Entries supplied section start
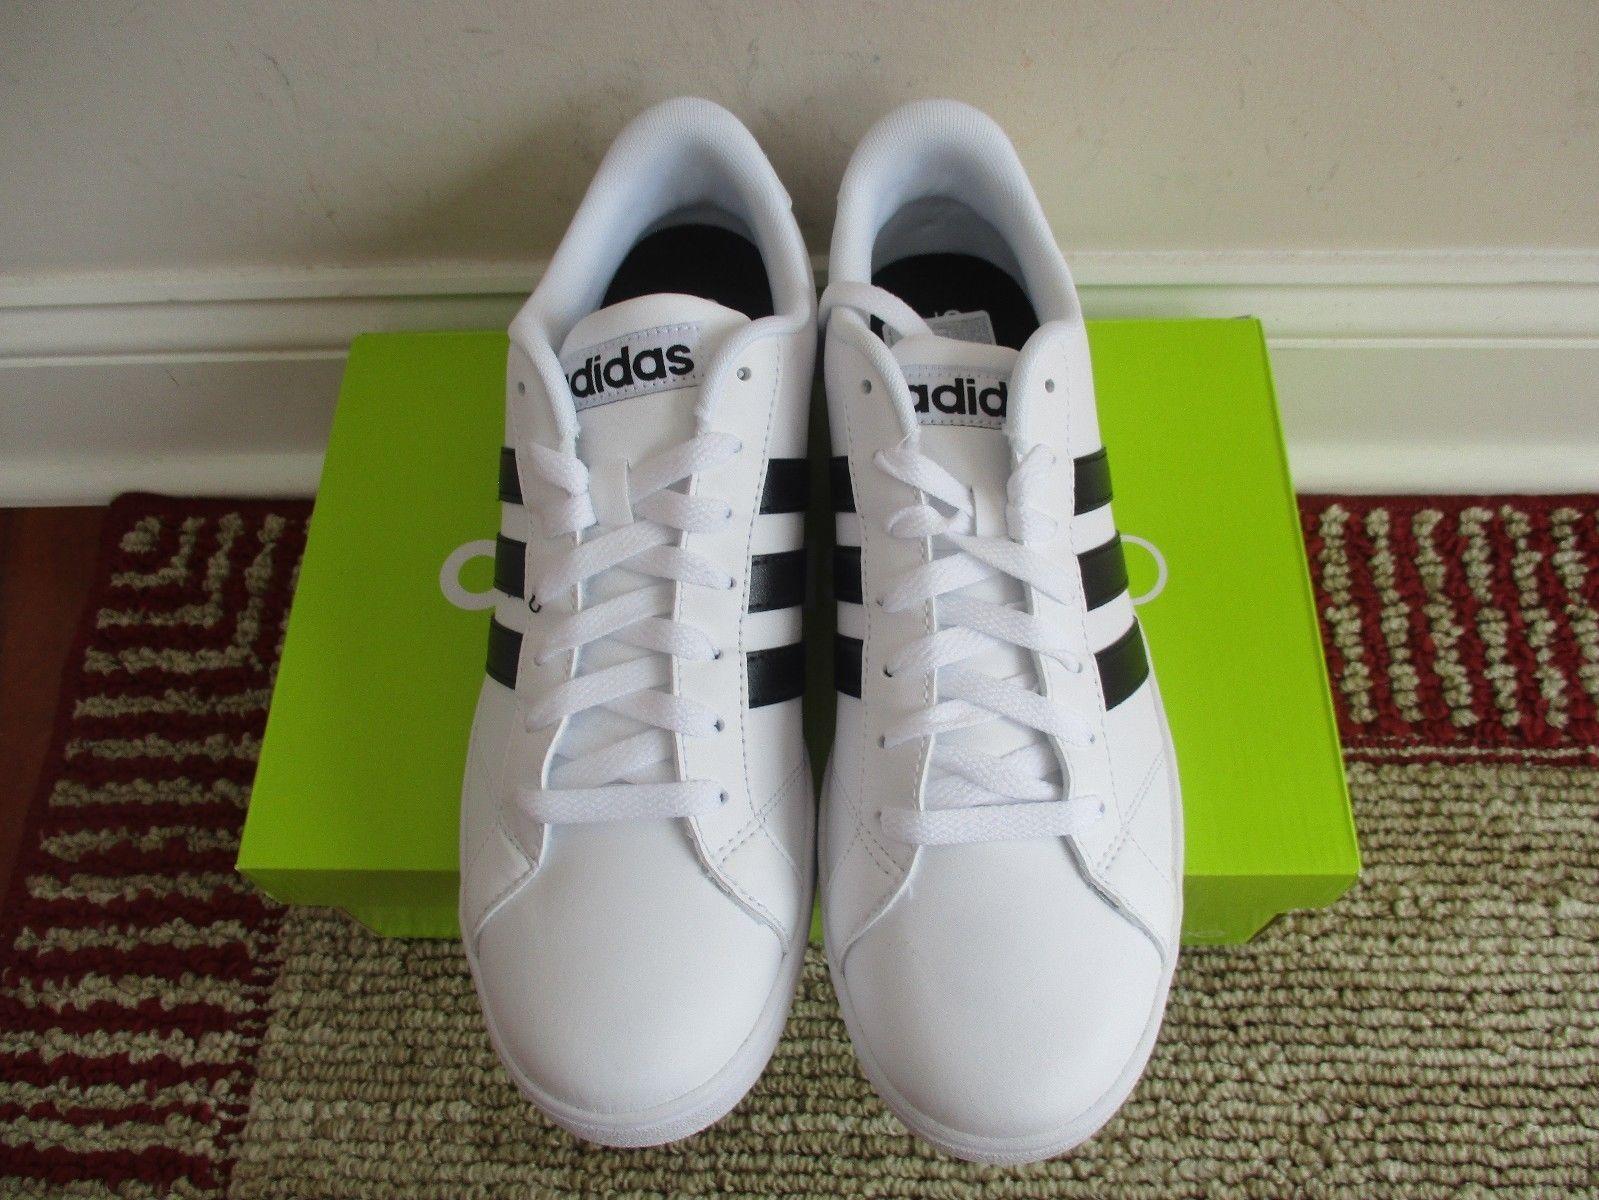 online store 50030 8093d BNIB Adidas NEO Baseline Men s Shoes, AW5410, White w  black stripe, size
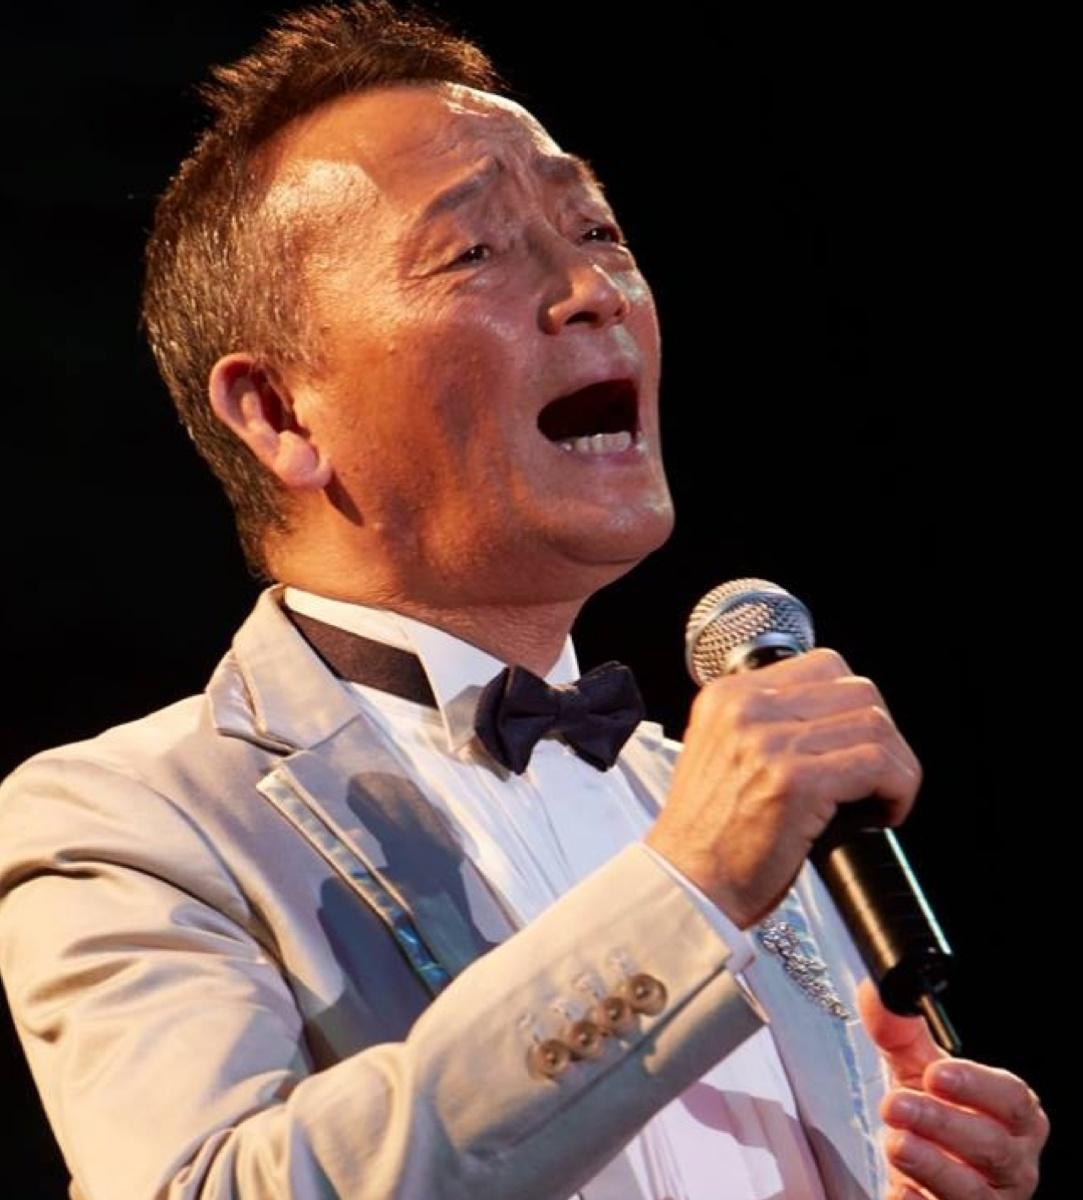 『伊藤多喜雄 LIVE AT APIA40〜古今東西。南の船、北の馬。〜』2月22日(月)22時からプレミア公開!
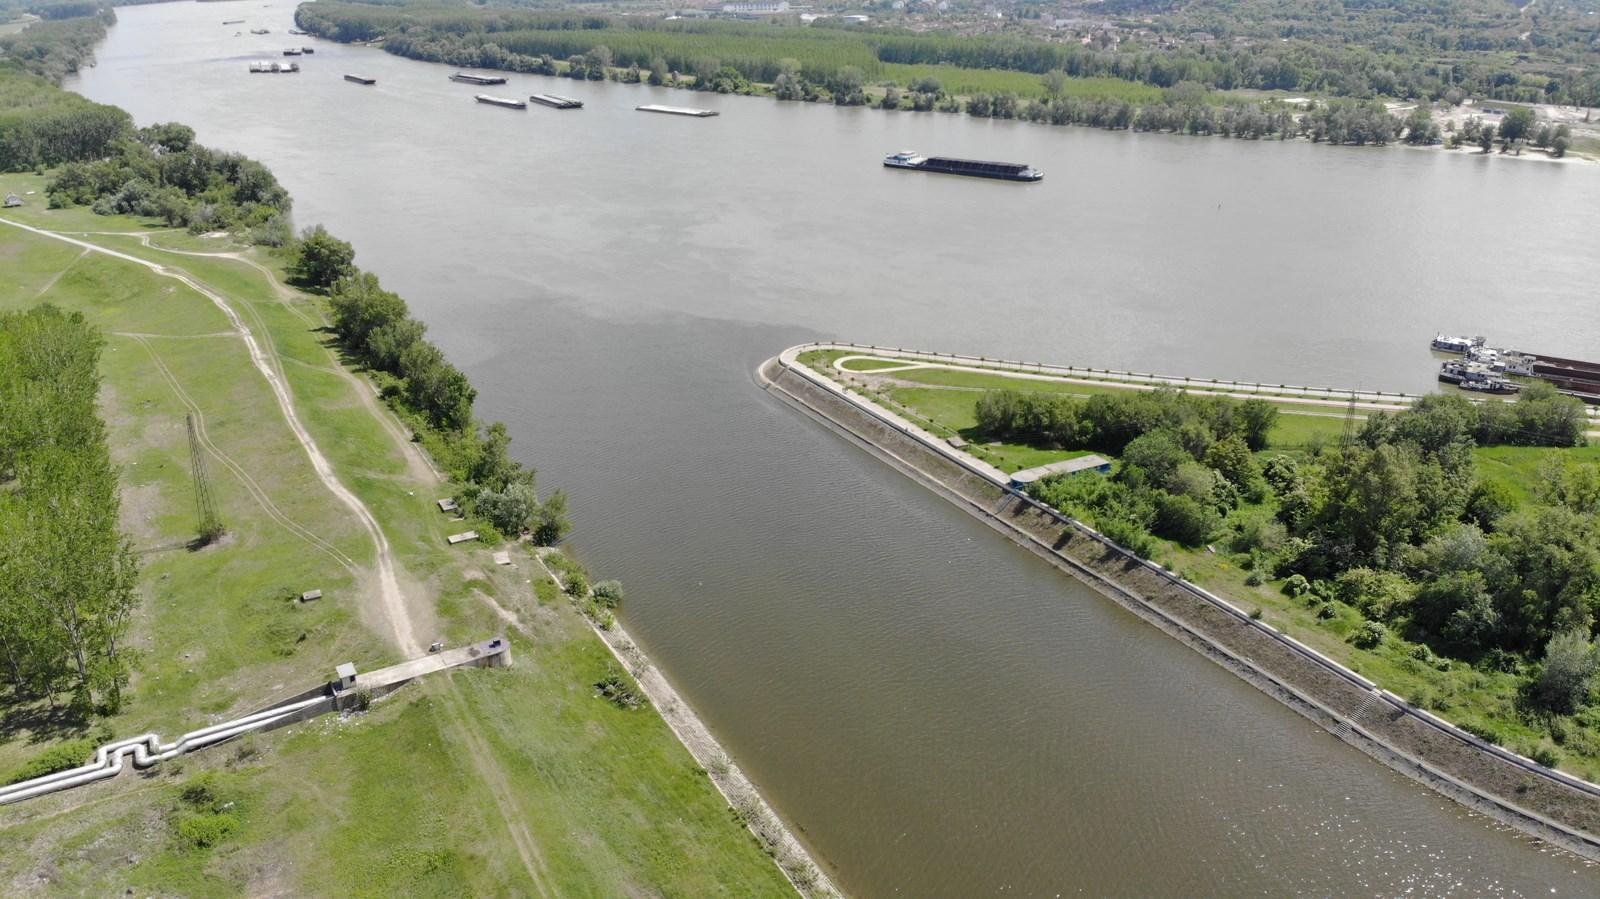 Drone φωτογραφία πυροβολισμός ουρανού έργου «Σκιά στον αγκώνα», γέφυρα πάνω από τον ποταμό Δούναβη Νόβι Σαντ
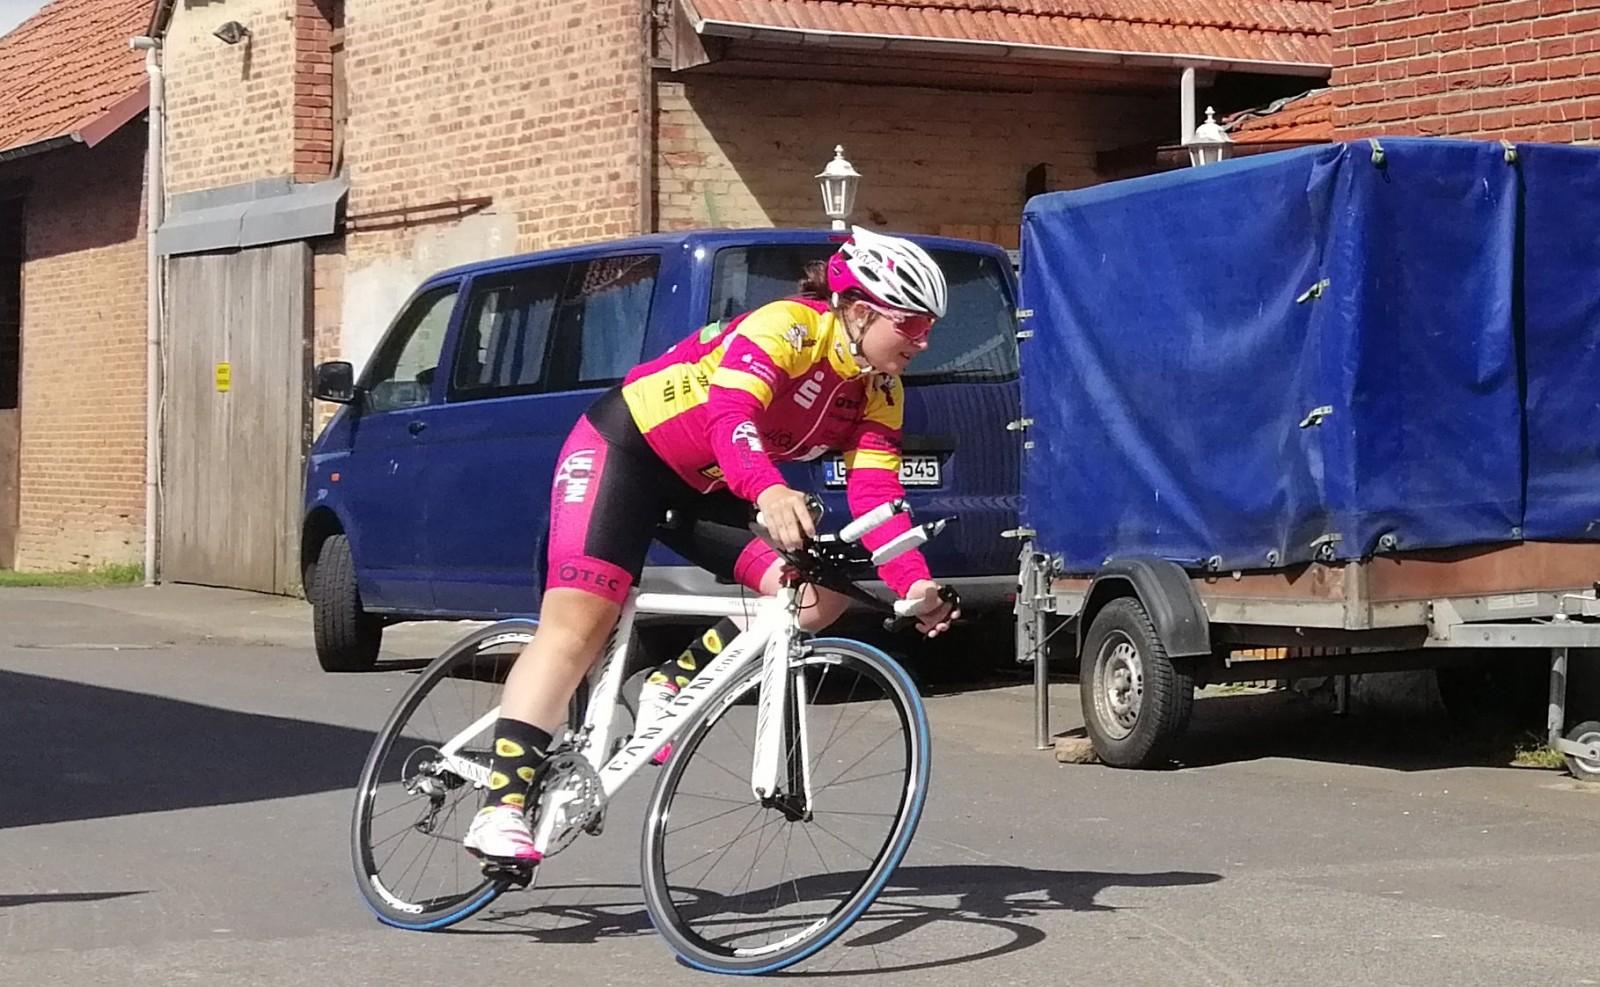 Jennifer Kuppel beim Training am Tag vor dem Rennen
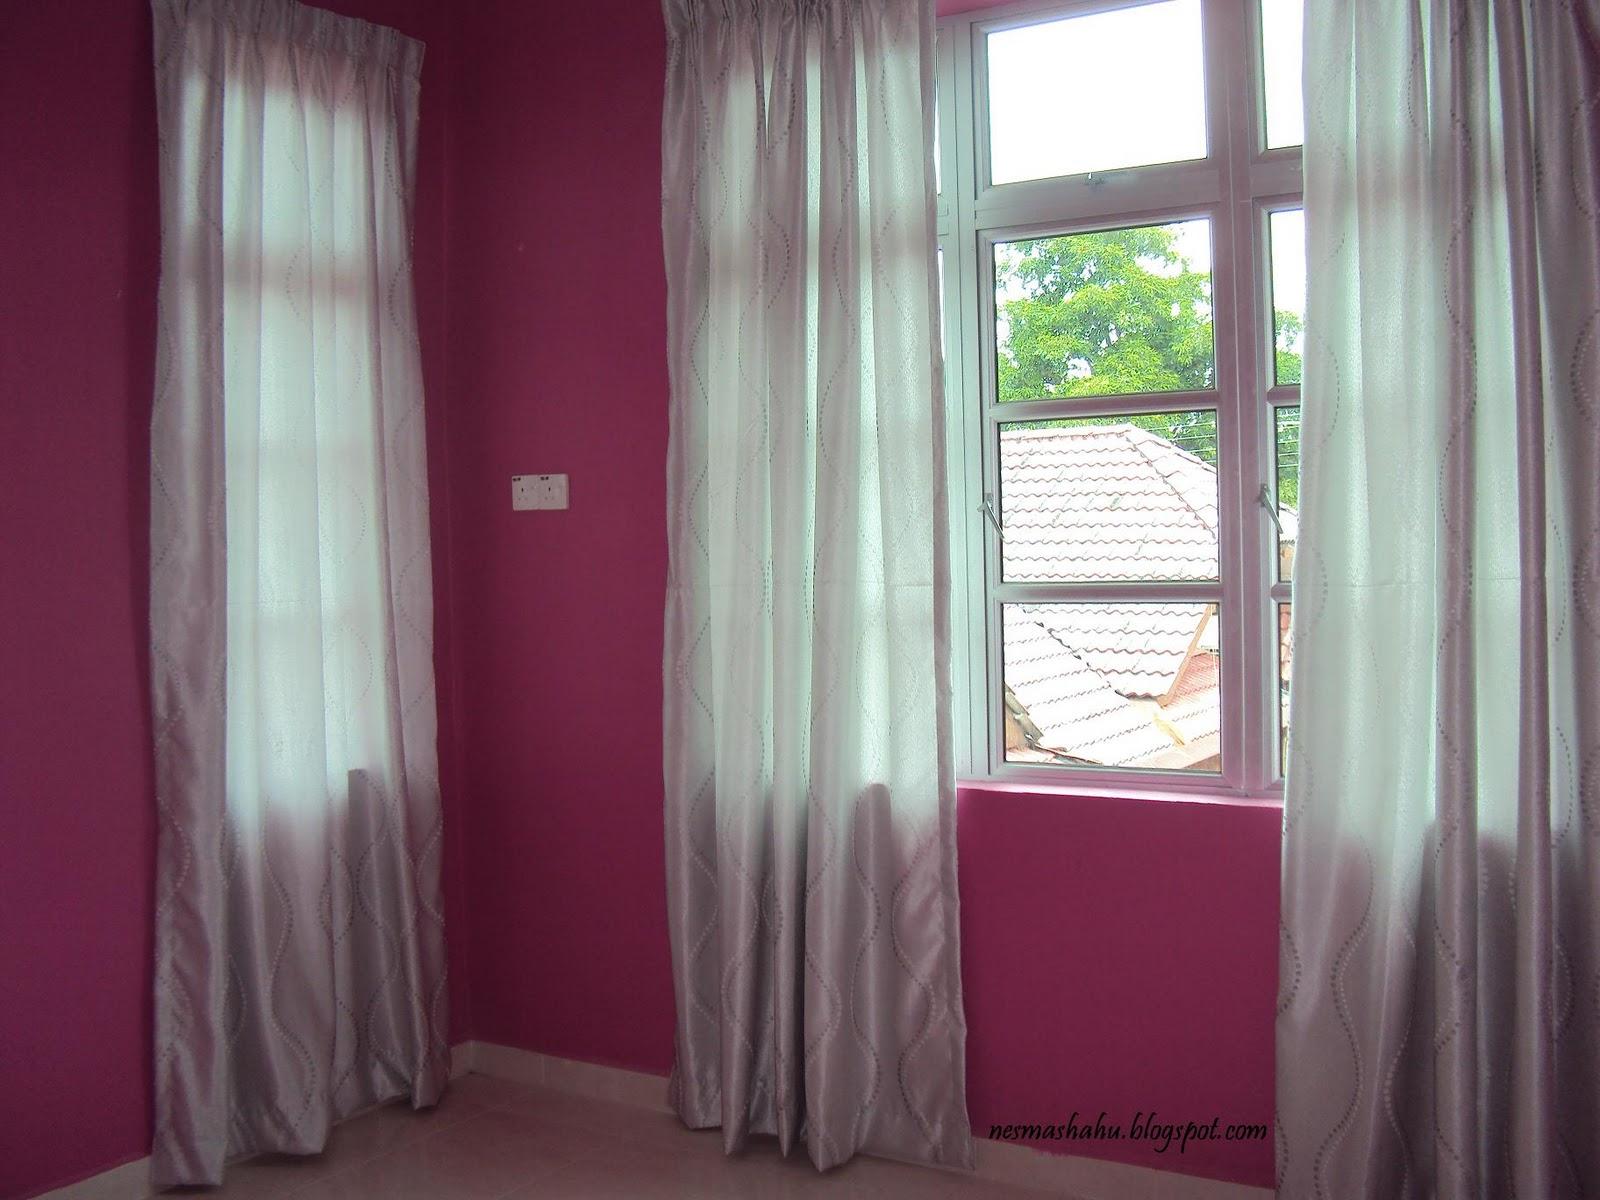 Ni Dah Bubuh Langsir Sama Tingkap Curtain Color Silver Sikit Tapi Kena Cahaya Nampak Lah Putih
Entries supplied section end
**The task**
Please output all the records above exactly, leaving out every picture.

**Output below**
 online store 50030 8093d BNIB Adidas NEO Baseline Men s Shoes, AW5410, White w  black stripe, size
 『伊藤多喜雄 LIVE AT APIA40〜古今東西。南の船、北の馬。〜』2月22日(月)22時からプレミア公開!
 Drone φωτογραφία πυροβολισμός ουρανού έργου «Σκιά στον αγκώνα», γέφυρα πάνω από τον ποταμό Δούναβη Νόβι Σαντ
 Jennifer Kuppel beim Training am Tag vor dem Rennen
 Ni Dah Bubuh Langsir Sama Tingkap Curtain Color Silver Sikit Tapi Kena Cahaya Nampak Lah Putih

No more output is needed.